* **RECORDS FOR THIS TASK**
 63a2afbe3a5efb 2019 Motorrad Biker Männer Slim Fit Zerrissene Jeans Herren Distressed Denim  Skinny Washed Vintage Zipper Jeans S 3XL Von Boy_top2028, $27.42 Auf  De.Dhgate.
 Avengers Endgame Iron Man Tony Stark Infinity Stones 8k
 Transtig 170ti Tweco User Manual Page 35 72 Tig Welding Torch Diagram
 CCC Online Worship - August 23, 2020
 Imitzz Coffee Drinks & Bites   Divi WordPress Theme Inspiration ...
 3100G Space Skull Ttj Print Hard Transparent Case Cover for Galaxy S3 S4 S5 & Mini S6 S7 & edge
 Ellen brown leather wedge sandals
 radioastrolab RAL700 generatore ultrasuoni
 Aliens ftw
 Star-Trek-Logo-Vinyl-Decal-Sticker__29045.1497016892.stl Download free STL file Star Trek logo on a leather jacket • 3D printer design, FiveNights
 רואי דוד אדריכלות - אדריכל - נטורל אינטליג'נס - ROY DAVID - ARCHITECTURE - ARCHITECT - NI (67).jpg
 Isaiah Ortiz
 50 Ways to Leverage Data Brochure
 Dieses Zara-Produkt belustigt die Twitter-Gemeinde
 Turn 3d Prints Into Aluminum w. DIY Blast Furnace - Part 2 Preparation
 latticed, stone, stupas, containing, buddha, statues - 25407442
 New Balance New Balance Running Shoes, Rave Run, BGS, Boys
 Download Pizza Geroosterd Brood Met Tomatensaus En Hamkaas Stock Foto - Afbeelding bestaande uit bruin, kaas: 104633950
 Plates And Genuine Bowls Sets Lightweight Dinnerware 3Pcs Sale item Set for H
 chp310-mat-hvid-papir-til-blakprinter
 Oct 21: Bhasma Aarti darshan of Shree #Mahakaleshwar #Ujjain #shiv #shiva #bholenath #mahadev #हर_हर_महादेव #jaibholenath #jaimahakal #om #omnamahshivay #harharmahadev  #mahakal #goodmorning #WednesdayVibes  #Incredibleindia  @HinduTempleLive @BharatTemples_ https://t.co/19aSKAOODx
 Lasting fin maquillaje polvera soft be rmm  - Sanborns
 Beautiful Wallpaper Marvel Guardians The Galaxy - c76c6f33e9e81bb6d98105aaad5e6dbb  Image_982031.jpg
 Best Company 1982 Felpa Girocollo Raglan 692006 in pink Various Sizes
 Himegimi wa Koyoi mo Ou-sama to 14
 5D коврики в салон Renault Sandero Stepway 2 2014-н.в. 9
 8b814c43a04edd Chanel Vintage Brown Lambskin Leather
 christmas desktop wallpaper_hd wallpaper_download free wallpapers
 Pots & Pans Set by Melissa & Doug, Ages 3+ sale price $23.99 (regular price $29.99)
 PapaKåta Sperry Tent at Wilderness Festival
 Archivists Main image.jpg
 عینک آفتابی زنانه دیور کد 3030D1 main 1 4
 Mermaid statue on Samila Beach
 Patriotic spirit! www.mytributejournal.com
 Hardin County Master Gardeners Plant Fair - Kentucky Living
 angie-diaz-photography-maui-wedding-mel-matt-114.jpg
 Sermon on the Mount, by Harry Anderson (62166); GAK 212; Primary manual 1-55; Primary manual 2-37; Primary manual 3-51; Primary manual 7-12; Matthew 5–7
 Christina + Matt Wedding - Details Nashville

* **YOUR TASK**
Copy out each line of the data above, exactly, if it lies between the line holding "Best Company 1982" and the line holding "عینک آفتابی زنانه دیور کد 3030D1 main 1 4", inclusive; copy no other line.

* **OUTPUT**
 Best Company 1982 Felpa Girocollo Raglan 692006 in pink Various Sizes
 Himegimi wa Koyoi mo Ou-sama to 14
 5D коврики в салон Renault Sandero Stepway 2 2014-н.в. 9
 8b814c43a04edd Chanel Vintage Brown Lambskin Leather
 christmas desktop wallpaper_hd wallpaper_download free wallpapers
 Pots & Pans Set by Melissa & Doug, Ages 3+ sale price $23.99 (regular price $29.99)
 PapaKåta Sperry Tent at Wilderness Festival
 Archivists Main image.jpg
 عینک آفتابی زنانه دیور کد 3030D1 main 1 4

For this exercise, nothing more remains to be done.